SOURCE RECORDS: Begin

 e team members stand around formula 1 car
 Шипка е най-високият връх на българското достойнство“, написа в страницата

SOURCE RECORDS: End
SOURCE RECORDS: Begin

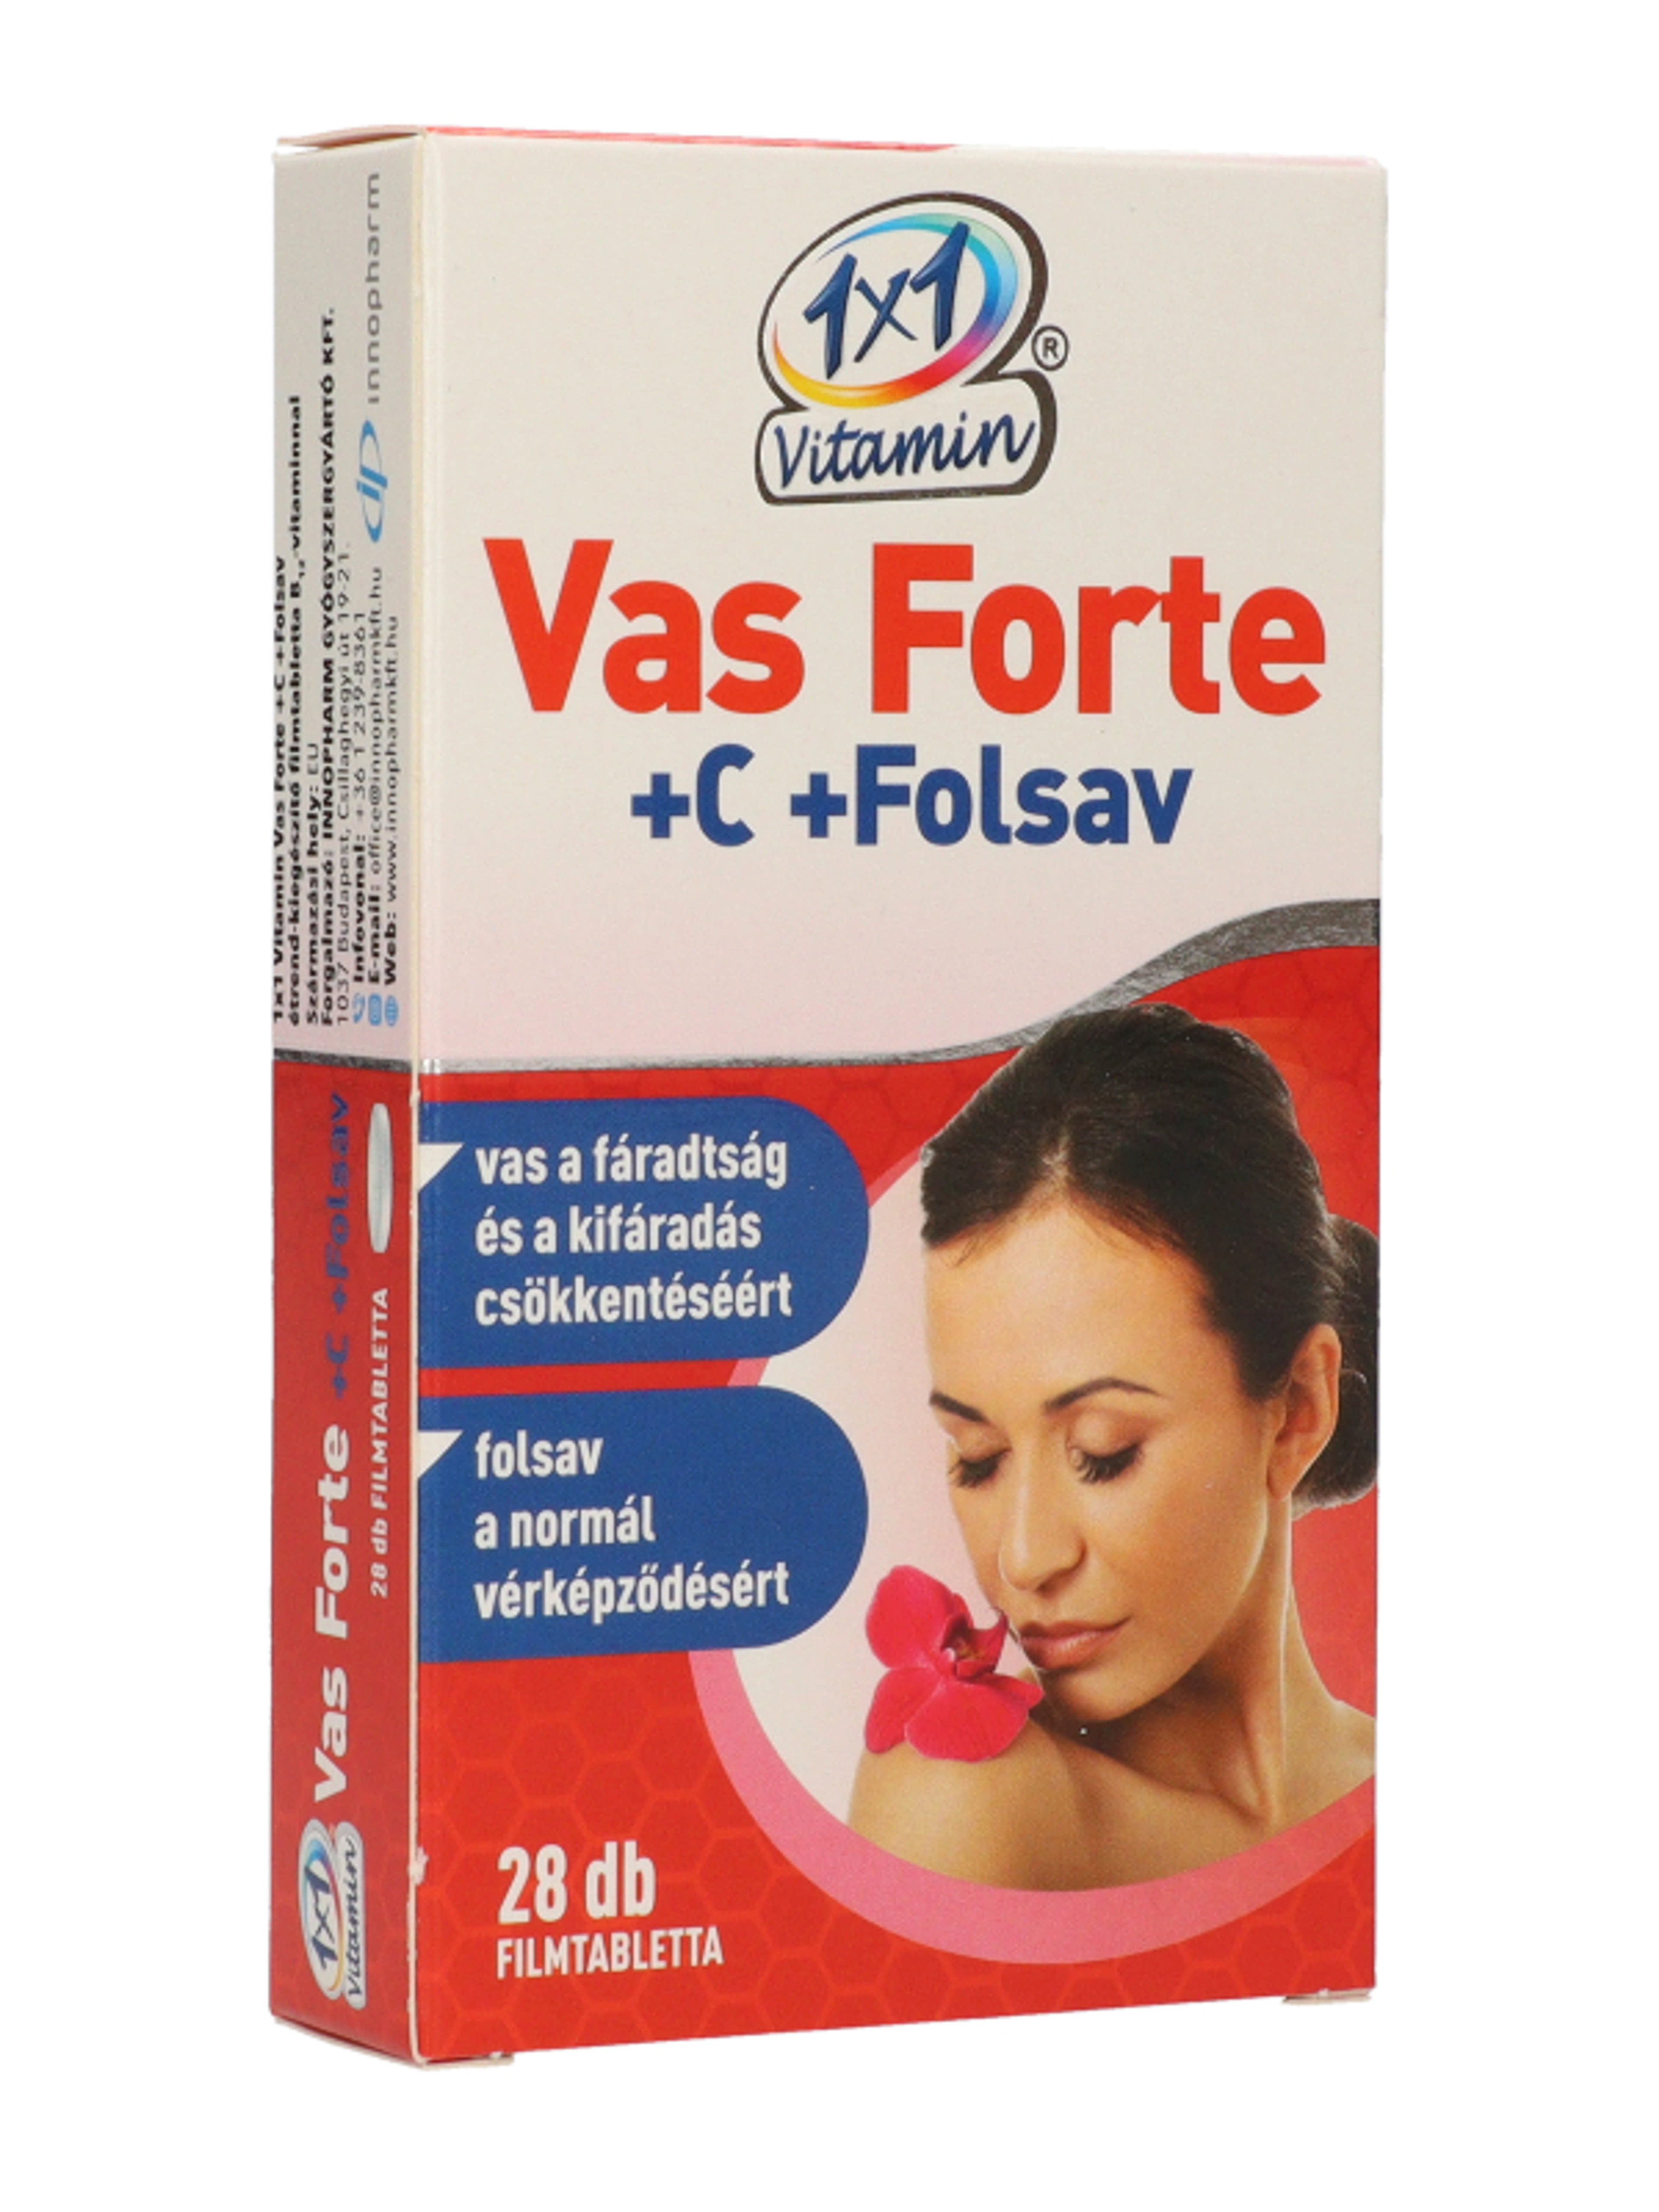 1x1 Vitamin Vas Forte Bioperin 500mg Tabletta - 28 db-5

SOURCE RECORDS: End

TASK GOAL:
All that is wanted is an exact copy of the lines above from the one with "e team members stand around formula 1 car" through the one with "Шипка е най-високият", with both ends included.

RESPONSE:
 e team members stand around formula 1 car
 Шипка е най-високият връх на българското достойнство“, написа в страницата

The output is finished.